Fig. 11 presents energy efficiency against the ratio of vehicular UE in the cell in case 1 (constant number of users in a bus) and 2 (constant number of buses). Since the distribution patterns of vehicular UE mainly affect the TDD/FDD relay mode, the two cases are shown only for this mode. When the penetration loss is high, mobile relay modes can achieve better energy efficiency compared with the direct mode because the data rate gain brought about by mobile relays exceeds the extra power consumption of the relays. For instance, when \(L=20\) dB and the ratio of vehicular UE is 0.5, the FDD and TDD/FDD modes can respectively achieve \(+5.7\) and \(+24.2\%\) energy efficiency gain compared with the direct mode. But when the penetration loss is small (\(L=10\) dB) and the ratio of vehicular UEs is smaller than 0.5, the direct mode is better from the energy efficiency point of view. In this case the data rate gain brought about by mobile relay is cancelled out by the extra power consumption of mobile relays.

Fig. 11
figure 11

Energy efficiency against the ratio of vehicular UEs

7 Conclusion

This paper studied the capacity of a cellular network with mobile relays on public transport.

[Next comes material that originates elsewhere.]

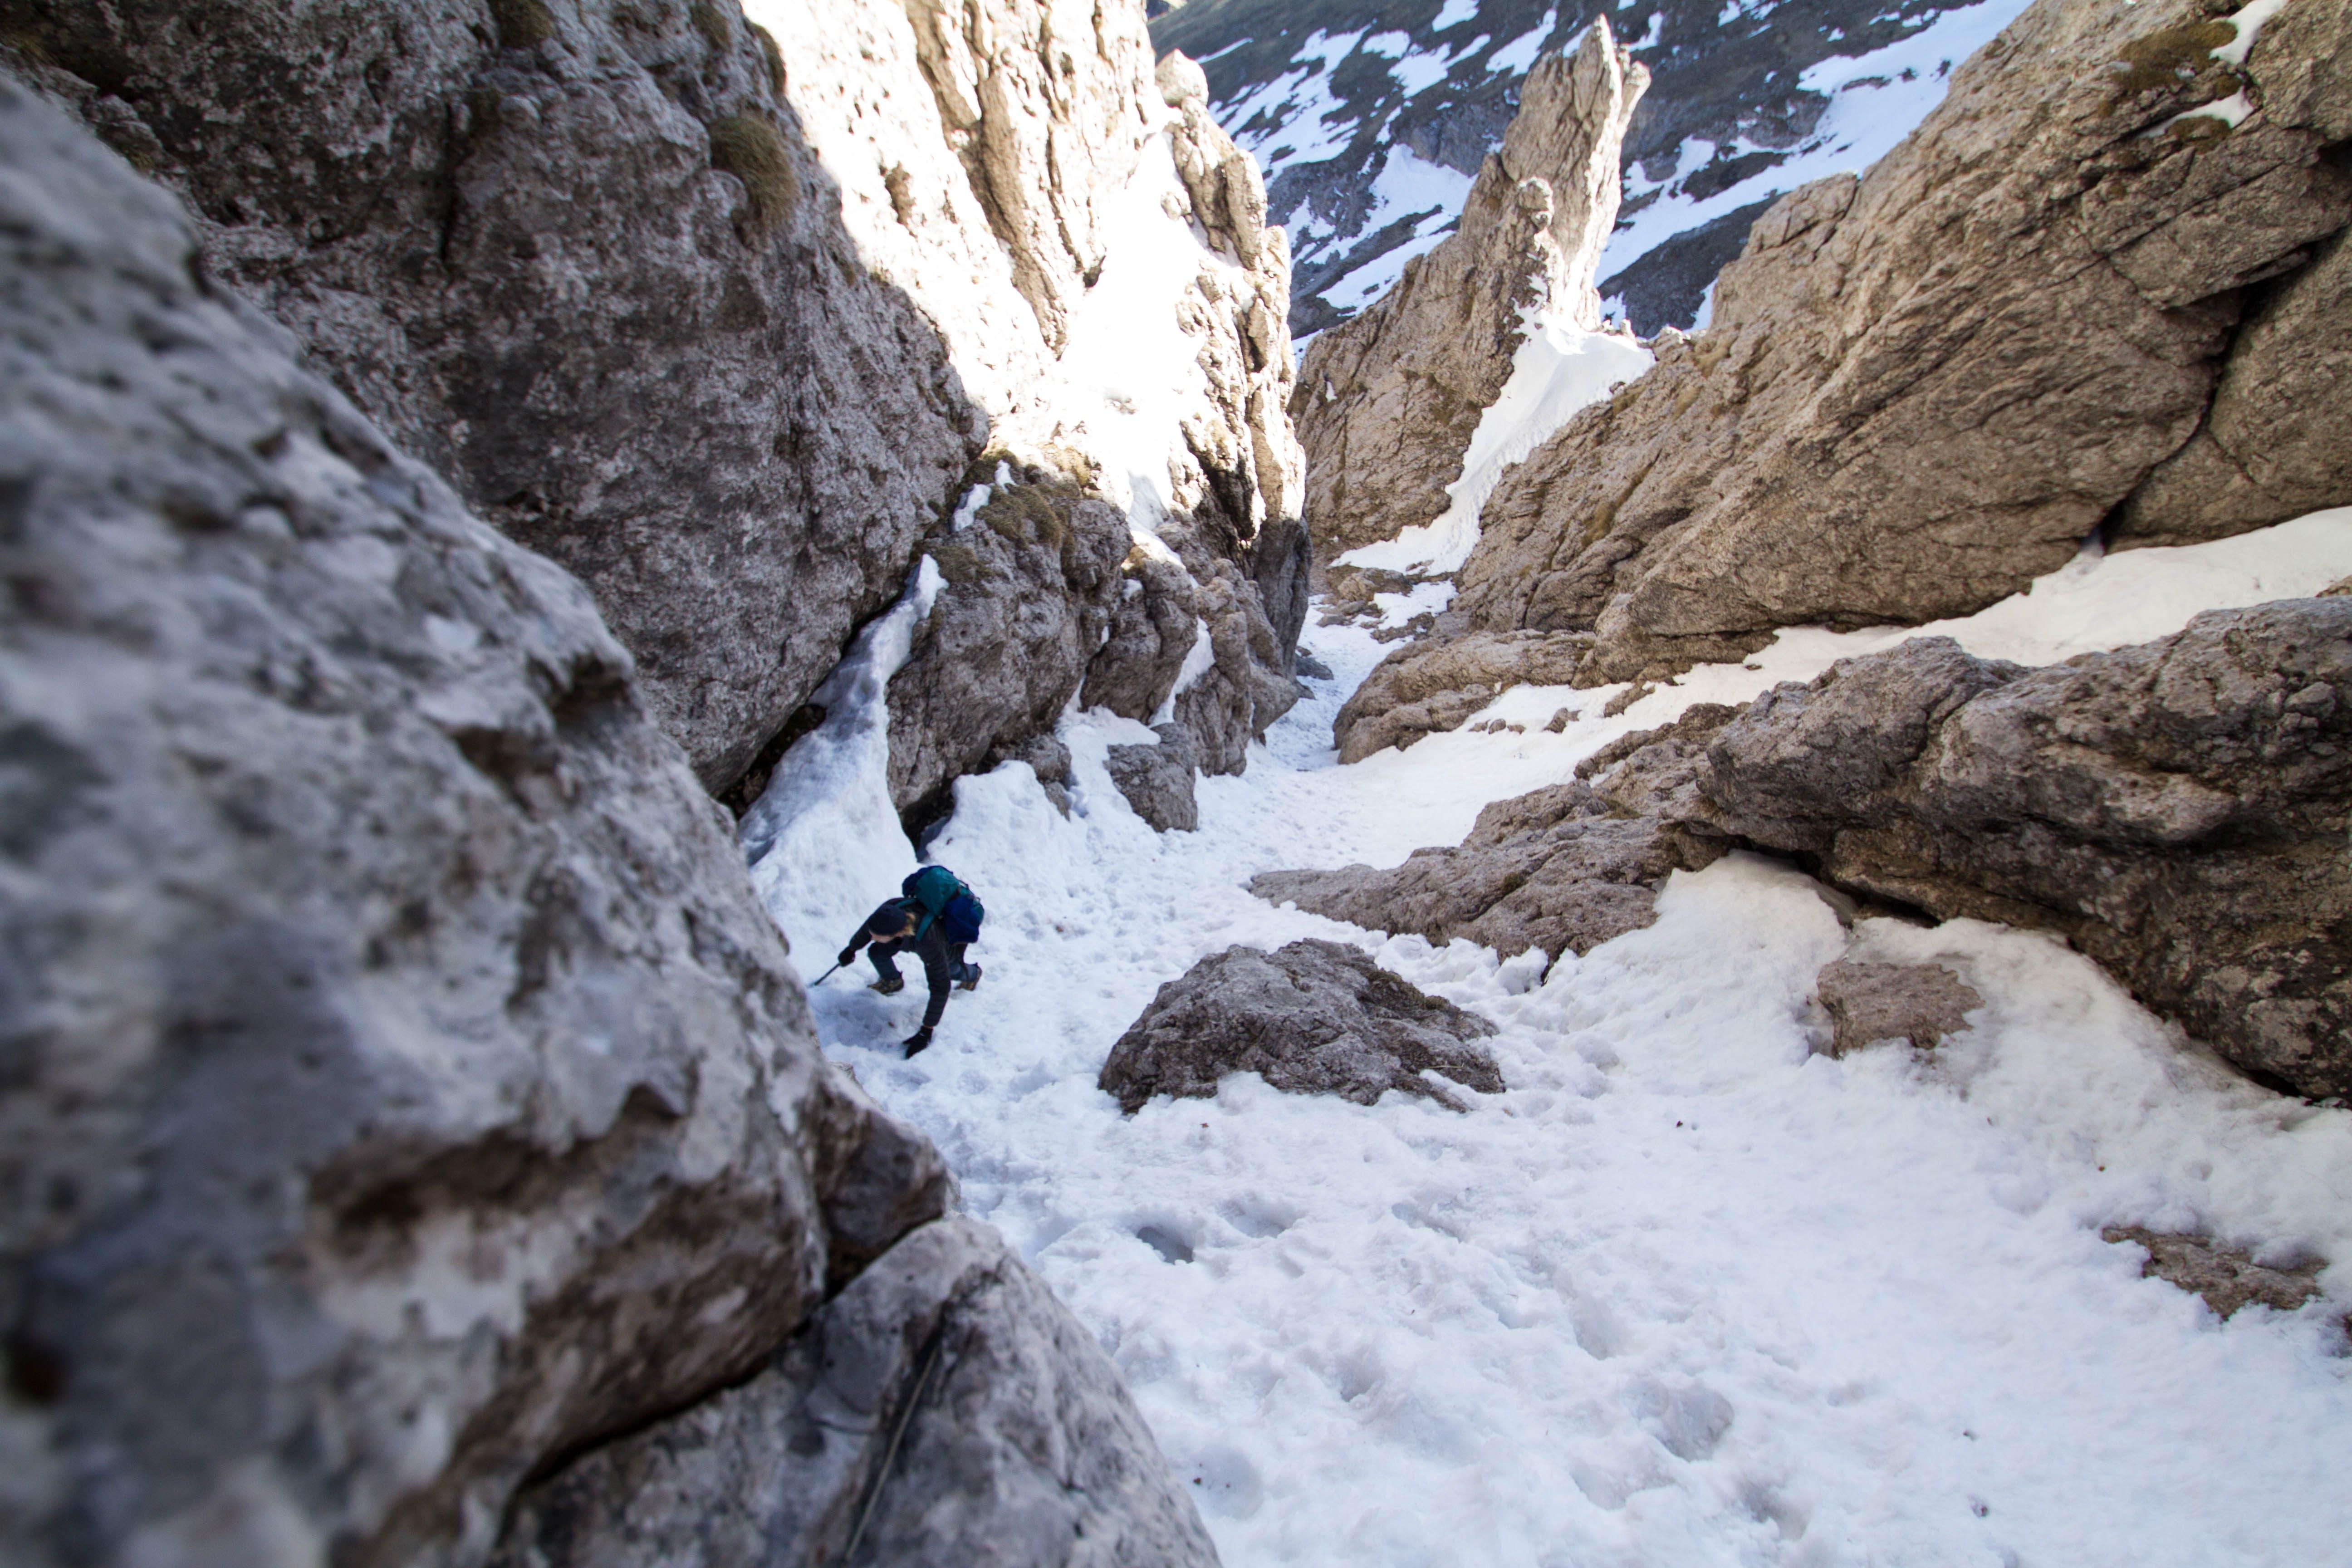 adventure, climb, climber

We considered different modes of bandwidth-sharing between the access link and the backhaul link and provided an analytical model using stochastic geometry. The analysis considers the different types of interferences. The correlation of the backhaul link and the access link in FDD mobile relay mode is taken into account when deriving the CDF of the end-to-end rate. The cell total rate and energy efficiency were evaluated as a function of the ratio of users on buses. Dedicating a part of the spectrum for the access link inside buses and using TDD for this increases the total average rate, as soon as the proportion of vehicular UE is higher than 10%. One important property of TDD/FDD systems is that the total rate only varies slightly when the proportion of vehicular UE increases.